The Free World is a propaganda term, primarily used during the Cold War from 1945 to 1991, to refer to the Western Bloc and aligned countries.

The term refers more broadly to all liberal democracies collectively, as opposed to authoritarian regimes such as communist states. It has traditionally primarily been used to refer to the countries allied and aligned with the United States, the European Union and NATO. The term "leader of the free world" has been used to imply a symbolic and moral leadership, and was mostly used during the Cold War in reference to the president of the United States.

History of the concept

Origins

During World War II, the Allied powers viewed themselves as opposing the oppression and fascism of the Axis powers, thus making them "free". Following the end of World War II, the Cold War conception of the "Free World" included only anti-Soviet states as being "free", particularly democratically elected states with free speech, a free press, freedom of assembly and freedom of association.

During the Cold War, many neutral countries, either those in what is considered the Third World, or those having no formal alliance with either the United States or the Soviet Union, viewed the claim of "Free World" leadership by the United States as grandiose and illegitimate.

One of the earliest uses of the term Free World as a politically significant term occurs in Frank Capra's World War II propaganda film series Why We Fight. In Prelude to War, the first film of that series, the "free world" is portrayed as a white planet, directly contrasted with the black planet called the "slave world". The film depicts the free world as the Western Hemisphere, led by the United States and Western Europe, and the slave world as the Eastern Hemisphere, dominated by Nazi Germany, Fascist Italy and the Japanese Empire.

21st century usage
While "Free World" had its origins in the Cold War, the phrase is still used after the end of the Cold War and during the Global War on Terrorism. Samuel P. Huntington said the term has been replaced by the concept of the international community, which, he argued, "has become the euphemistic collective noun (replacing "the Free World") to give global legitimacy to actions reflecting the interests of the United States and other Western powers."
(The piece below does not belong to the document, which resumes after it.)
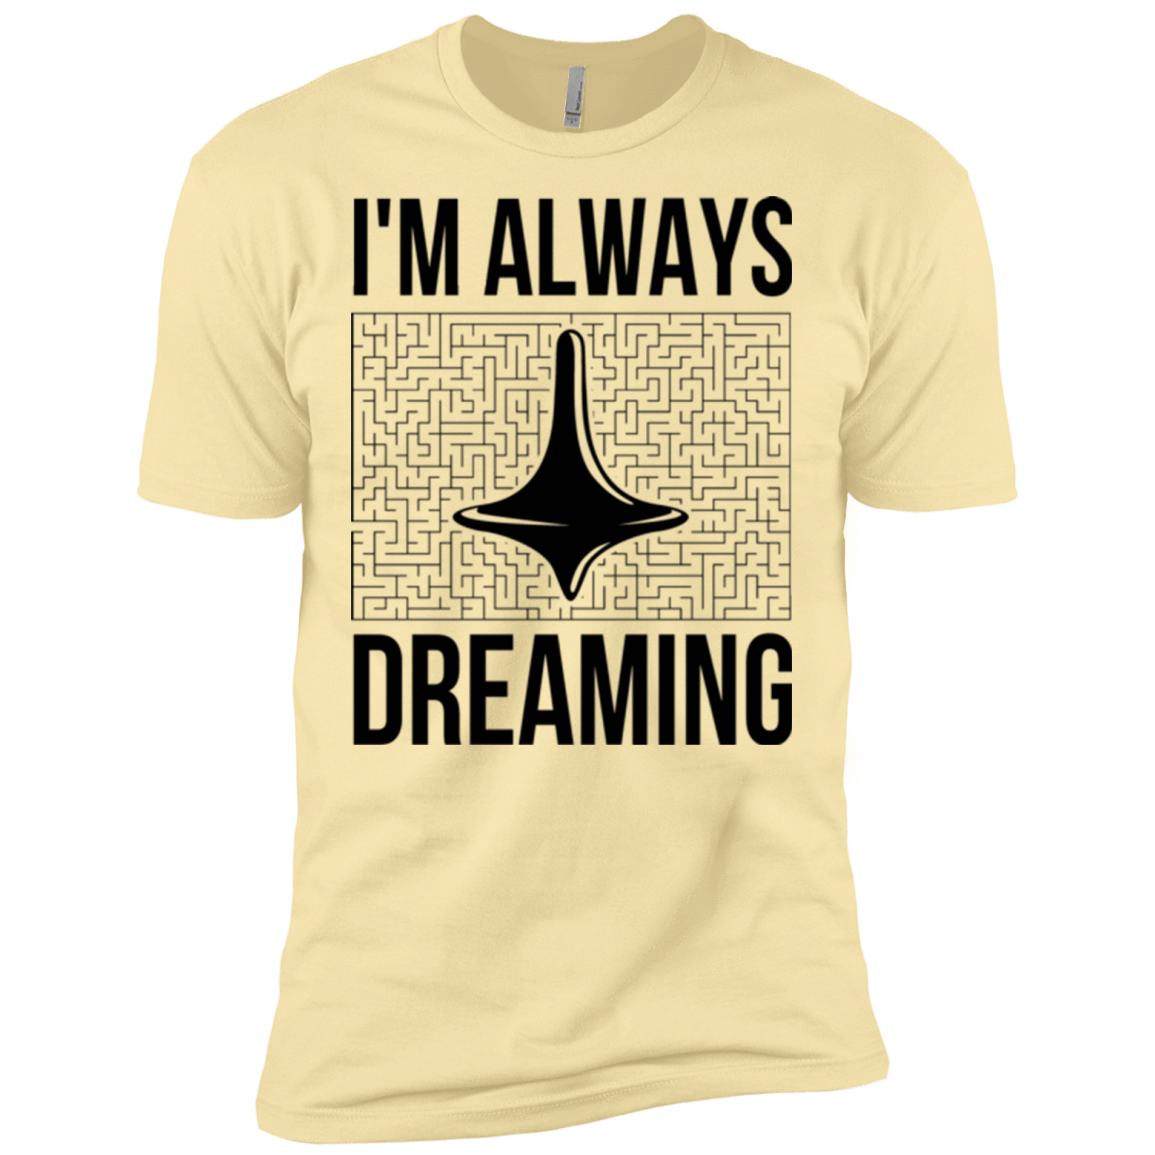 T-Shirts Banana Cream / X-Small Always dreaming Men's Premium T-Shirt

Leadership of the Free World

United States

The "Leader of the Free World" was a colloquialism, first used during the Cold War, to describe either the United States or, more commonly, the President of the United States. The term when used in this context suggested that the United States was the principal democratic superpower, and the US president was by extension the leader of the world's democratic states, i.e. the "Free World".
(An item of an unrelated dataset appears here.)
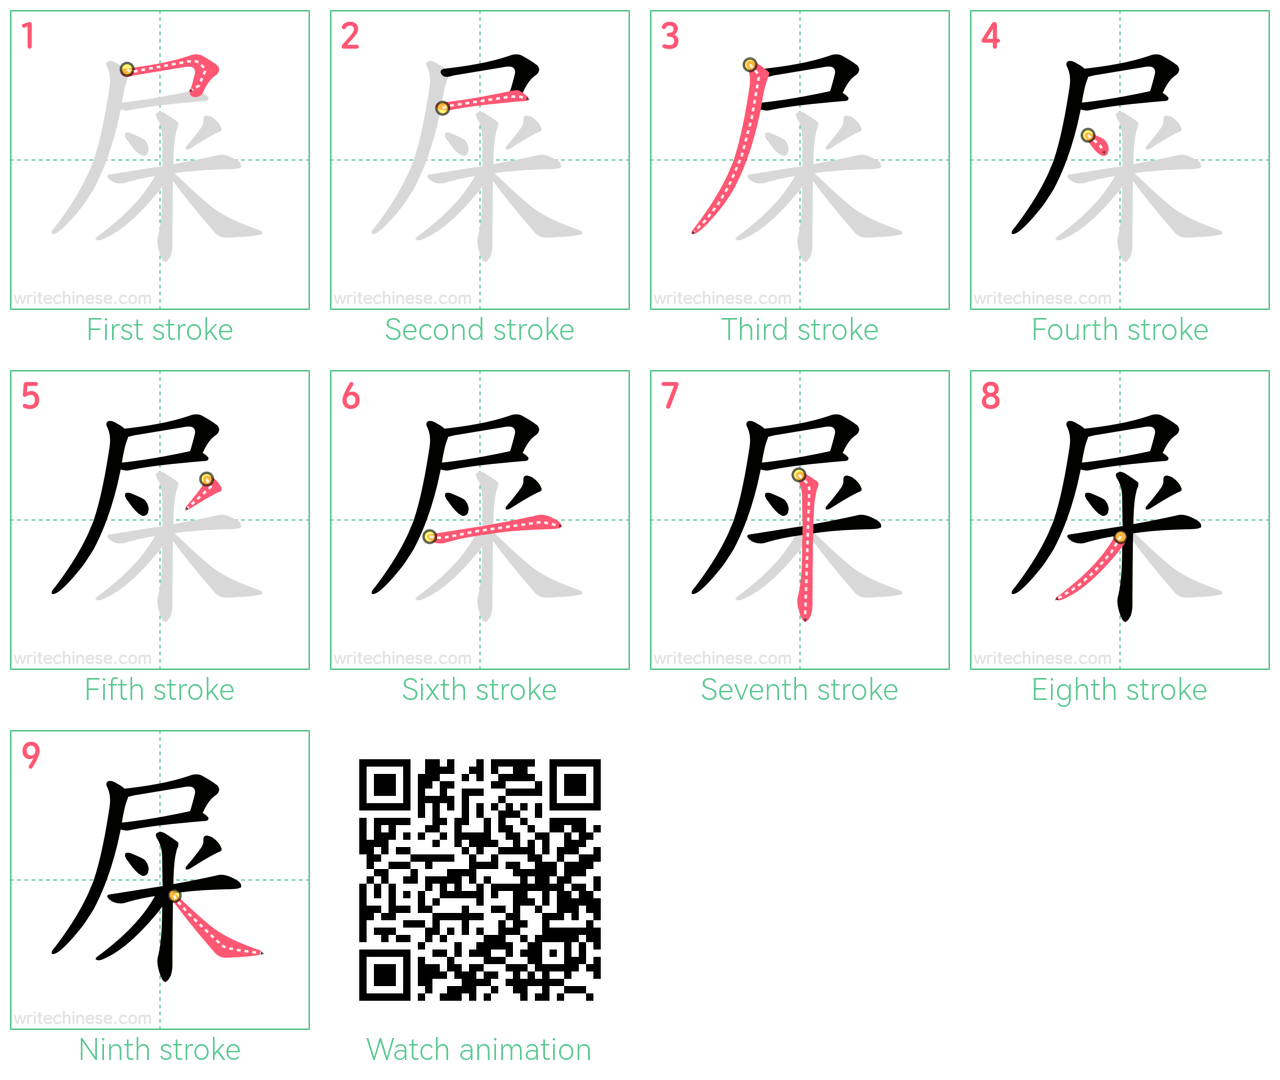 屎 step-by-step stroke order diagrams

The phrase has its origin in the 1940s during the Second World War, especially through the anti-fascist Free World magazine and the US propaganda film series Why We Fight. At this time, the term was criticized for including the Soviet Union (USSR), which critics saw as a totalitarian dictatorship. However, the term became more widely used against the USSR and its allies during the 1950s in the Cold War era, when the US depicted a foreign policy based on a struggle between "a democratic alliance and a communist realm set on world domination", according to The Atlantic. The term here was criticised again for including right-wing dictatorships such as Francoist Spain, and Nikita Khrushchev said in the 21st Congress of the Soviet Communist Party that "the so-called free world constitutes the kingdom of the dollar".

Although in decline after the mid-1970s, the term was heavily referenced in US foreign policy up until the dissolution of the Soviet Union in December 1991. After the presidency of George H. W. Bush the term has largely fallen out of use, in part for its usage in rhetoric critical of US policy.

Terms implying a leadership role in the "free world" later came to be used for other persons, places, or states.

European Union 
On 6 May 2010, upon an address to the plenary chamber of the European Parliament, the then US Vice President Joe Biden, stated that Brussels had a "legitimate claim" to the title of "capital of the free world", normally a title reserved for Washington. He added that Brussels is a "great city which boasts 1,000 years of history and serves as capital of Belgium, the home of many of the institutions of the European Union and the headquarters of the NATO alliance."

Germany 

When Time declared the German Chancellor Angela Merkel Time Person of the Year for 2015, they referred to her as "Europe's most powerful leader", and the cover bore the title "Chancellor of the Free World". 
Following the election of Donald Trump to the US presidency in November 2016, The New York Times called Merkel "the Liberal West's Last Defender", and a number of commentators called her "the next leader of the free world". Merkel herself rejected the description. An article by James Rubin in Politico about a White House meeting between Merkel and Trump was, ironically titled "The Leader of the Free World Meets Donald Trump".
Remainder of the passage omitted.